Shifting conditions should create new opportunities in private credit and private equity.

November 2024, On the Horizon -

We anticipate two developments that should open up private markets for investors in 2025. First, a challenging economic environment will likely fuel demand among borrowers for more complex, bespoke credit solutions; and second, the Fed’s rate‑cutting cycle could deliver conditions conducive to more firms going public and increased mergers and acquisitions (M&A).

Increasing customization to drive the private credit outlook1

Capital deployment in private credit rebounded strongly in 2024 as M&A activity increased, driven by a benign macroeconomic environment and pent‑up demand. We expect this to continue in 2025, expanding the role of private credit as the financing source for situations requiring flexibility unavailable in the broadly syndicated loan market.

“For borrowers, private credit offers benefits particularly useful for M&A activity....”

For borrowers, private credit offers benefits particularly useful for M&A activity, such as speed and certainty of execution, confidentiality, customization, and partnership with fewer lenders. For investors, private credit may provide a spread premium over traditional fixed income, which comes in largely two forms: an illiquidity premium, which should compensate investors for locking up their capital for extended periods of time; and a complexity premium for delivering the benefits to borrowers mentioned above.

We believe the opportunity to capture alpha through complexity could increase if the U.S. economy slows meaningfully in 2025. Private credit is well positioned to deliver bespoke solutions, including liquidity financings and capital structure restructurings, to companies with more challenged debt service requirements. If the broader economy continues to rally, these situational opportunities may be more limited and more conventionally performing private credit will take precedence.
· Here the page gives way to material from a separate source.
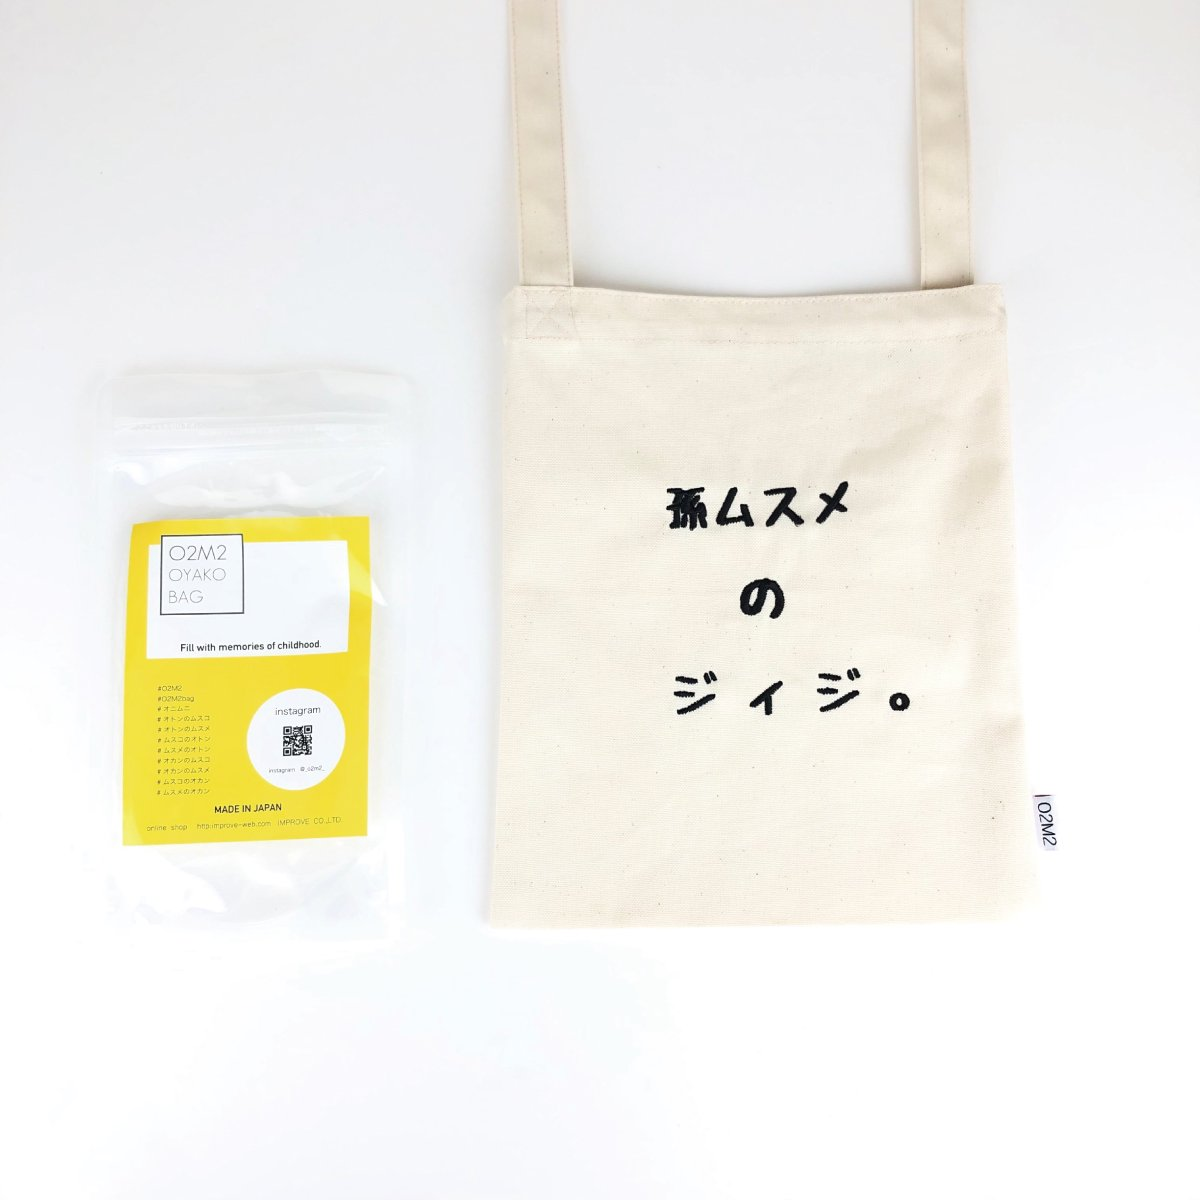 Cotton HF Sacoche(孫・ジィジ&バァバシリーズ) 詳細画像1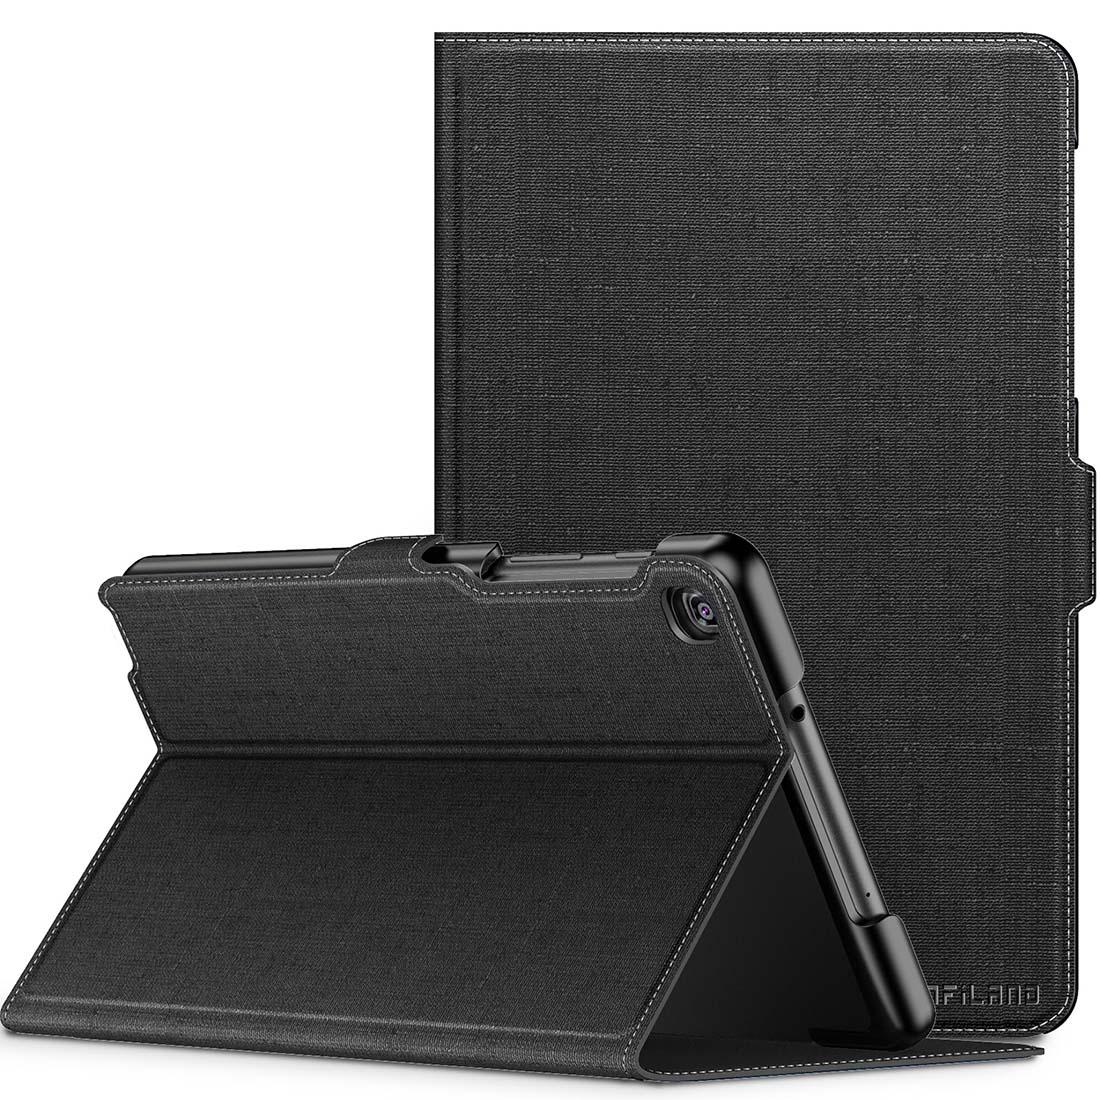 Capa Premium Classic Series Fino Acabamento Samsung Galaxy Tab A 8.0 pol 2019 P200 P205

Private equity investors eye end to the IPO drought

The long period of low interest rates following the GFC led to many companies remaining private for longer, even when they became very large. We believe one of the biggest areas of opportunity in private equity is in large private companies, ideally at attractive valuations, before they go public.

However, the three‑year‑long drought in initial public offerings (IPOs) has dampened the opportunity set. This fall in IPOs has been more of a supply problem than a demand problem: Private companies do not want to subject themselves to the price volatility of publicly traded shares, and many firms seek to avoid the heavier quarter‑to‑quarter financial scrutiny that being public involves.

Another key reason has been the challenge of forecasting revenues and earnings given the widely disparate views of the state of the economy. As the economic outlook becomes clearer and companies are more confident with their projections, private companies should be more comfortable with the decision to go public. Also, with more certainty about the Federal Reserve’s rate‑cutting cycle, equity market volatility could ease in 2025, clearing the way for more IPOs.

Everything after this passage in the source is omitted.